Choose the right database for your job

Data is a strategic asset for every organization. As data continues to exponentially grow, databases are becoming increasingly crucial to understanding data and converting it to valuable insights. Provisioning, operating, scaling, and managing on-premise databases is tedious, time-consuming, and expensive. The IT leaders will end up spending more time on infrastructure management rather than innovating and building new applications.

Moving on-premises data to managed databases built for the cloud can help you reduce time and costs. Once your databases are in the cloud, you can innovate and build new applications faster while getting deeper and more valuable insights. Migrating to the cloud is the first step toward entering the era of purpose-built databases. But once in the cloud, how do we know which types of databases to use for which functions? This is what we are gonna cover in the rest of the blog.

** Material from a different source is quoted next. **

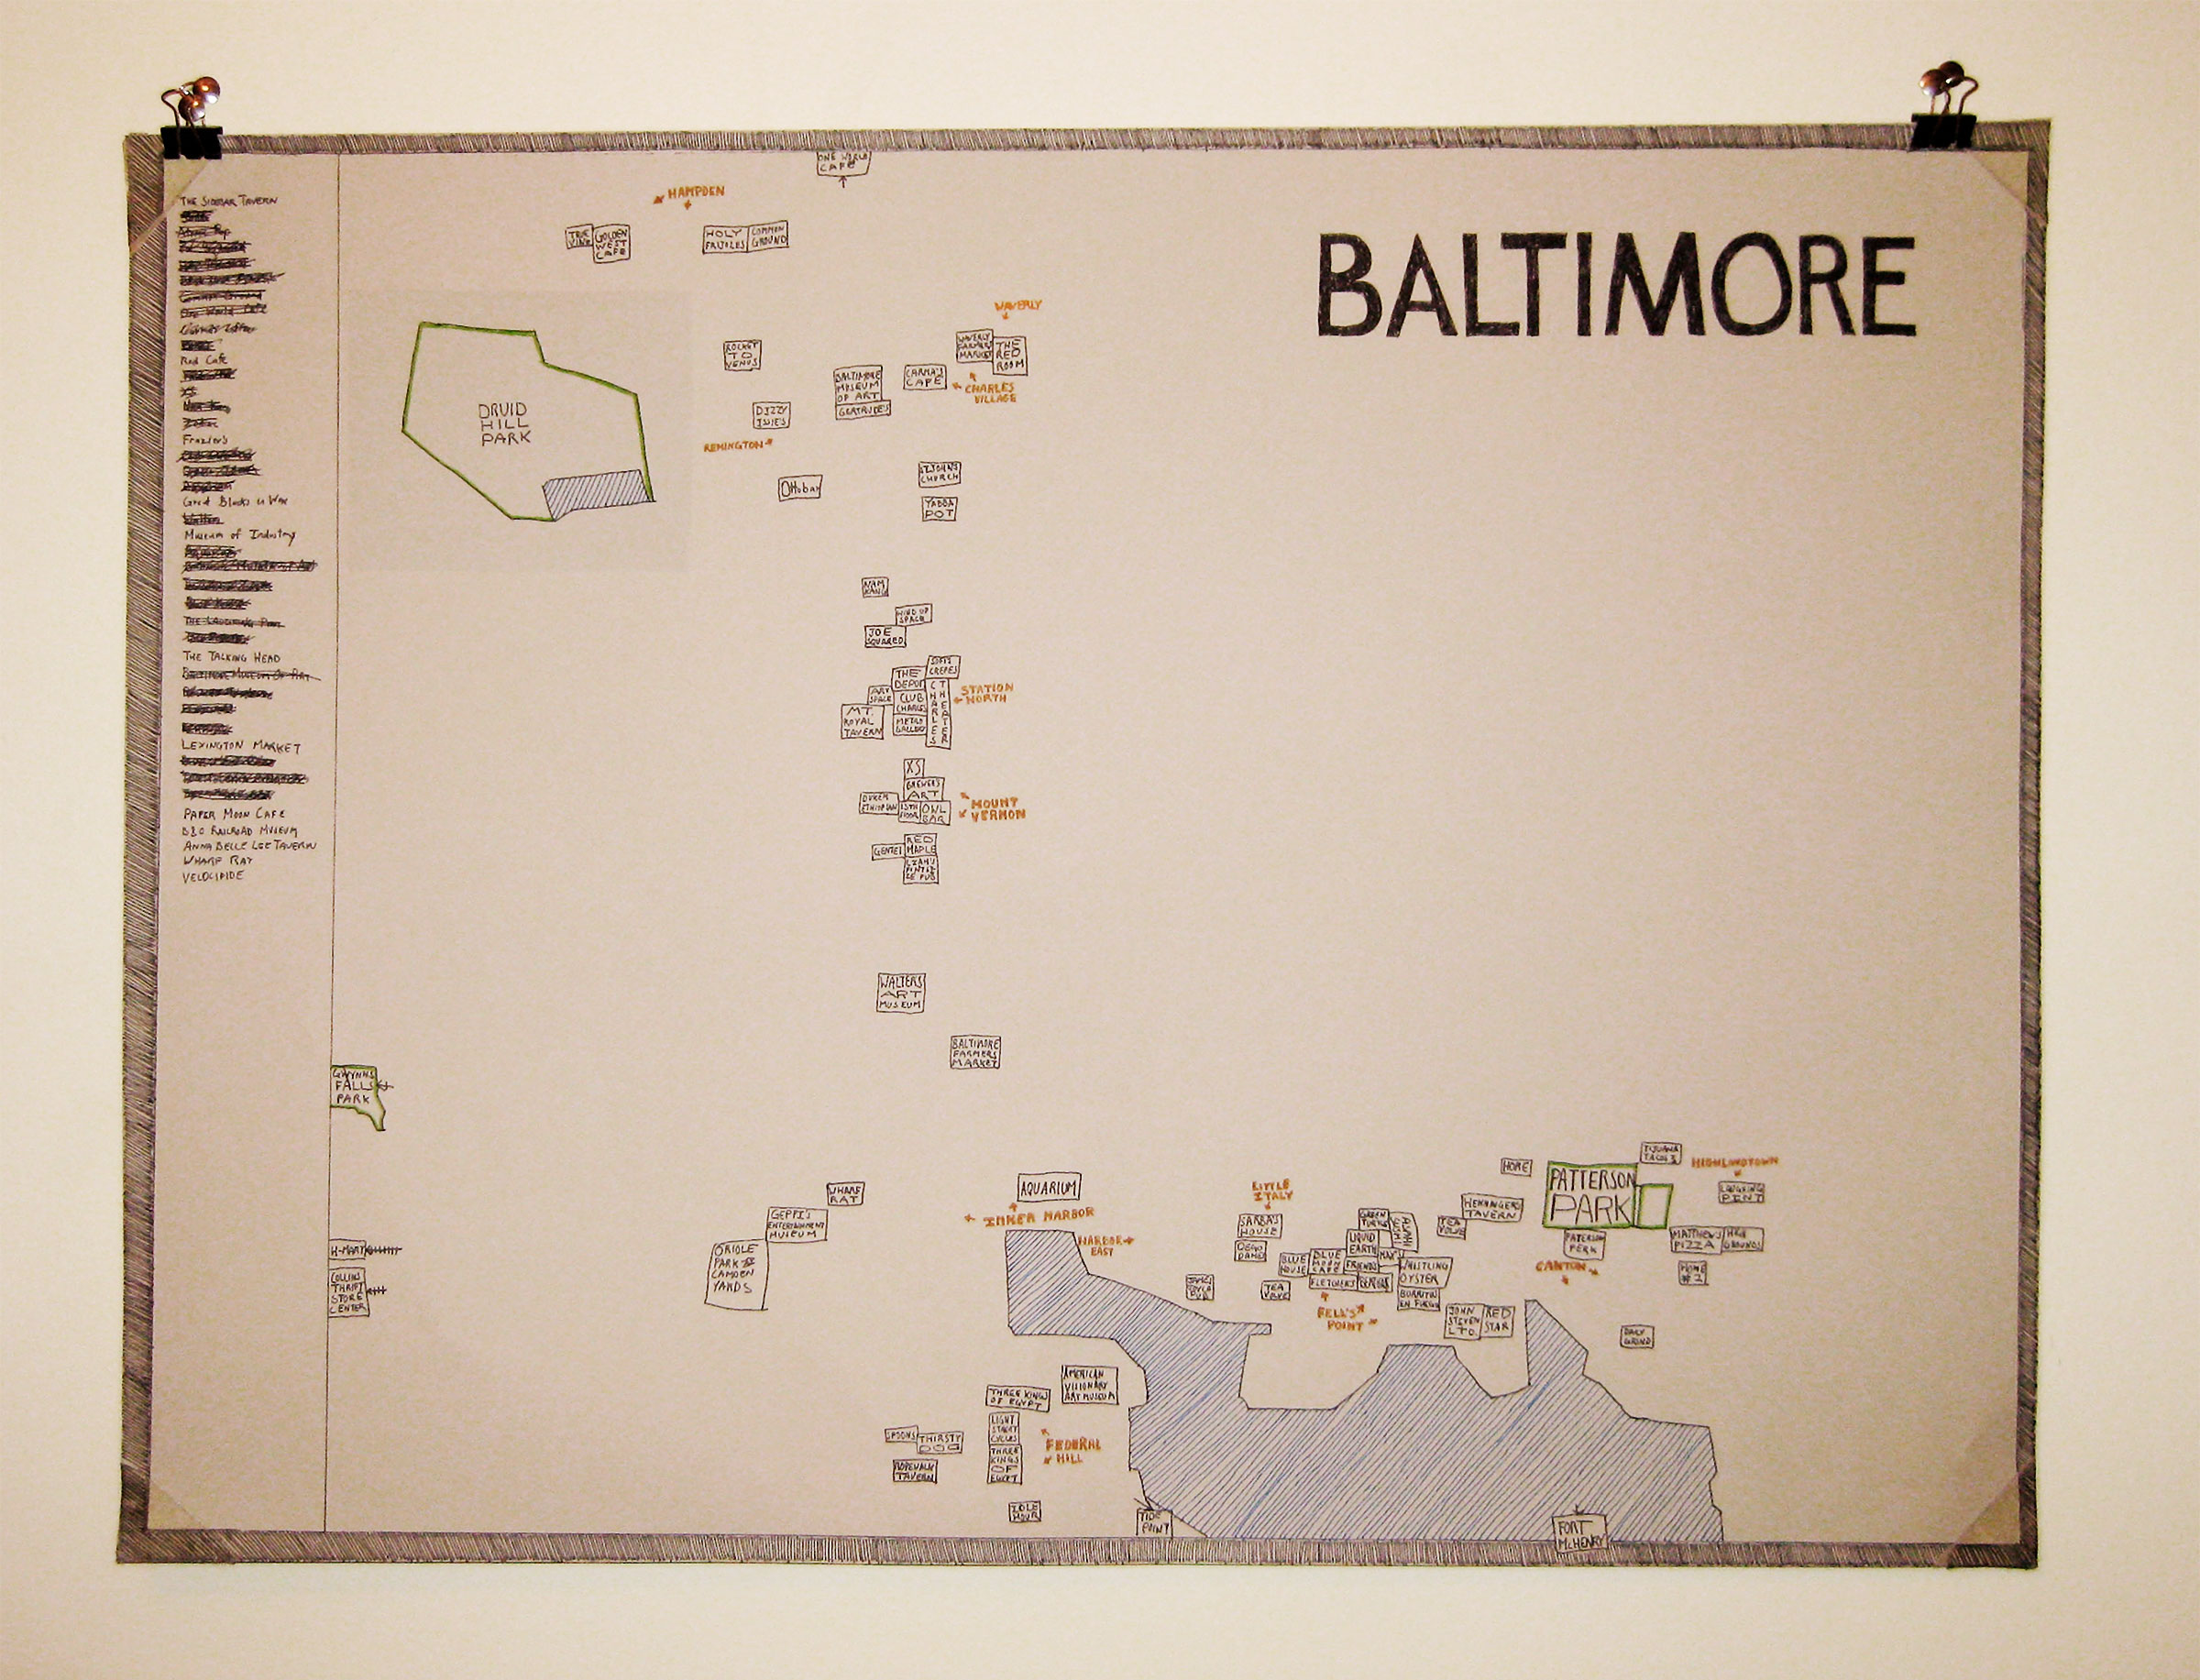 hand drawn map of baltimore showing different locations as small rectangles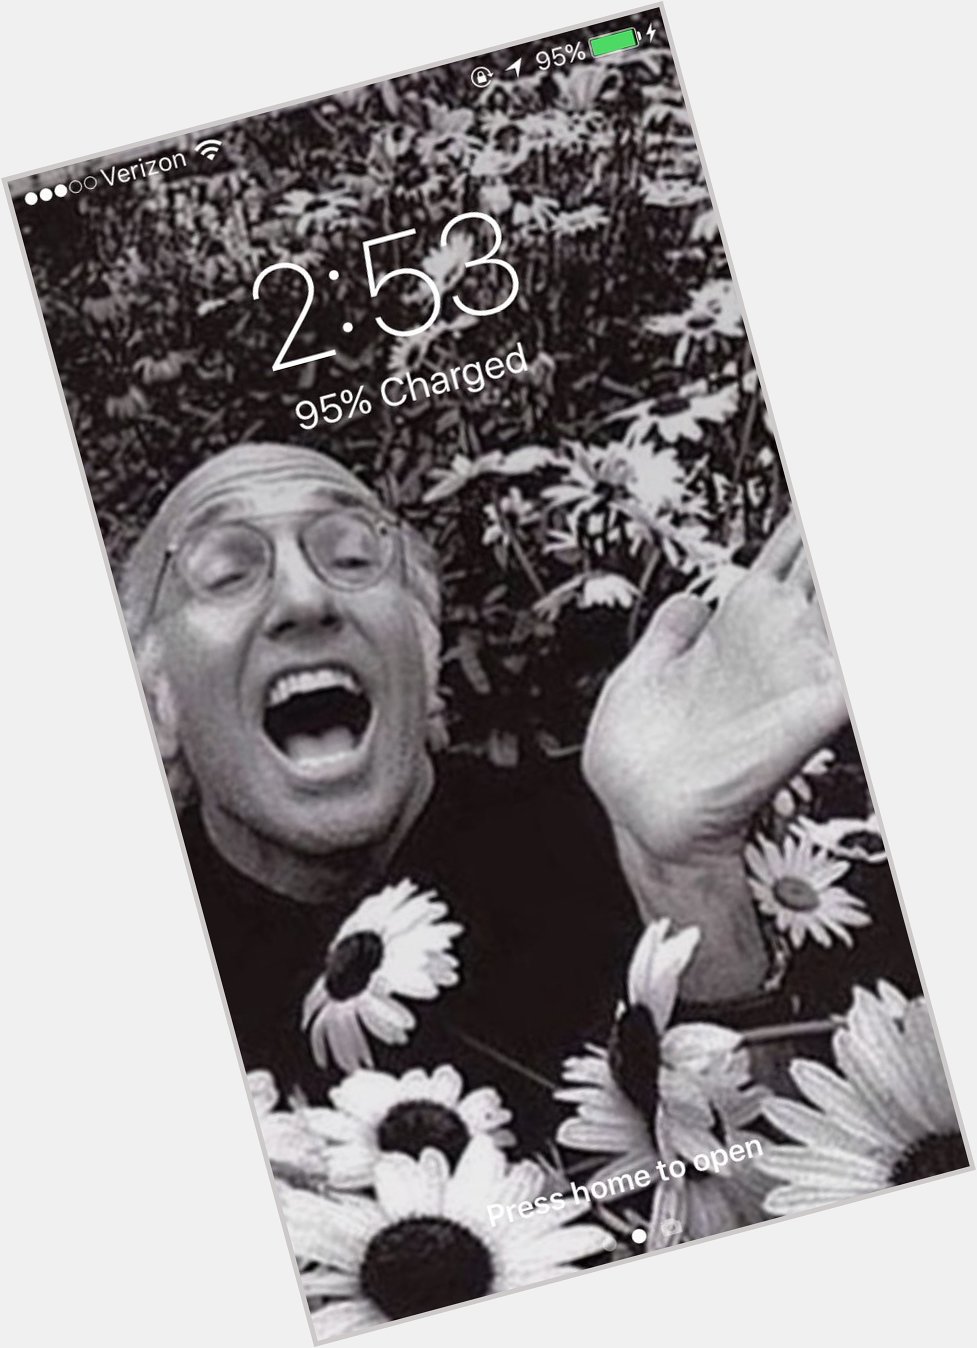 Happy birthday to the man who will always be my iPhone background. @ Larry David

Why think beyond Relational?

I know you might be thinking about why I need to consider all these purpose-built databases while my current system works fine with the relational model. Relational databases were designed for tabular data with consistent structure and fixed schema. They work for problems that are well defined at the onset. Traditional applications like ERP, CRM, and e-commerce need relational databases to log transactions and store structured data, typically in GBs and occasionally TBs.

While the relational database model is still essential, the relational approach alone will not work for today's world. With the rapid growth of data, not just in volume and velocity but also in variety, complexity, and interconnectedness, the needs of databases have changed. Many new applications that have social, mobile, IoT, and global access requirements cannot function properly on a relational database alone. These applications need databases that can store TBs to PBs of new types of data, provide access to data with millisecond latency, process millions of requests per second, and scale to support millions of users anywhere in the world.

To create applications that meet these demands, developers must choose between a number of purpose-built database models. They must understand which database type to use when selecting the right tool for the right job.

Different database types

Now that we know why to consider different database types now let us jump into different database types, their advantages, and disadvantages and where to use what aspects.

1. Relational Databases

In relational database management systems (RDBMS), data is stored in a tabular form of columns and rows, and data is queried using the Structured Query Language (SQL). Each column of a table represents an attribute, each row in a table represents a record, and each field in a table represents a data value. Developers are more familiar with the relational database model and it is easy to learn. An example of relational database design is shown below

For organizations that need to store predictable, structured data with a finite number of individuals or applications accessing it, a relational database is still the best option. A few use cases are

1. Enterprise resource planning (ERP).
2. Customer relationship management (CRM).
3. Financial Institutes where transactions are very important.
4. Data Warehousing

Advantages

1. Works well with structured data.
2. Supports ACID transactional consistency support “joins”.
3. Comes with built-in data integrity.
4. Ensures data accuracy and consistency.
5. Constrains relationships in this system.
6. Equipped with limitless indexing

Not Designed For

RDMS is not designed for Semi-structured or sparse data and scaling relational databases is very hard. If you are using a serverless backend using AWS Lambda with a relational database then we are limiting the scaling capabilities of Lambda. I came across this beautiful article on How RDS and Lambda can play together, worth knowing.

AWS References

Amazon Relational Database Service (Amazon RDS) makes it easier to set up, operate, and scale a relational database in the cloud. Aurora Serverless is my favorite.

2. Key Value databases

A key-value database stores data as a collection of key-value pairs in which one or more keys serve as a unique identifier for the index. Schema is flexible for pairs which are not indexed, and may even be sparse. Values can be anything, ranging from simple numbers to compound strings or complete JSON documents. Key-value stores lend themselves well to sharded horizontal scaling, allowing for consistent read and write operation free from the constraints of vertically scaling of any single node. For operational needs where the access patterns are known and fully indexed, key Value databases can provide consistent low latency performance at any scale.

A few use cases are

1. Real-time bidding.
2. Shopping cart.
3. Product catalog.
4. Customer preferences.
5. IoT data collection.
6. Sorted order or activity histories

Advantages

1. Simple data format makes write and read operations fast.
2. Value can be anything, including JSON, flexible schemas.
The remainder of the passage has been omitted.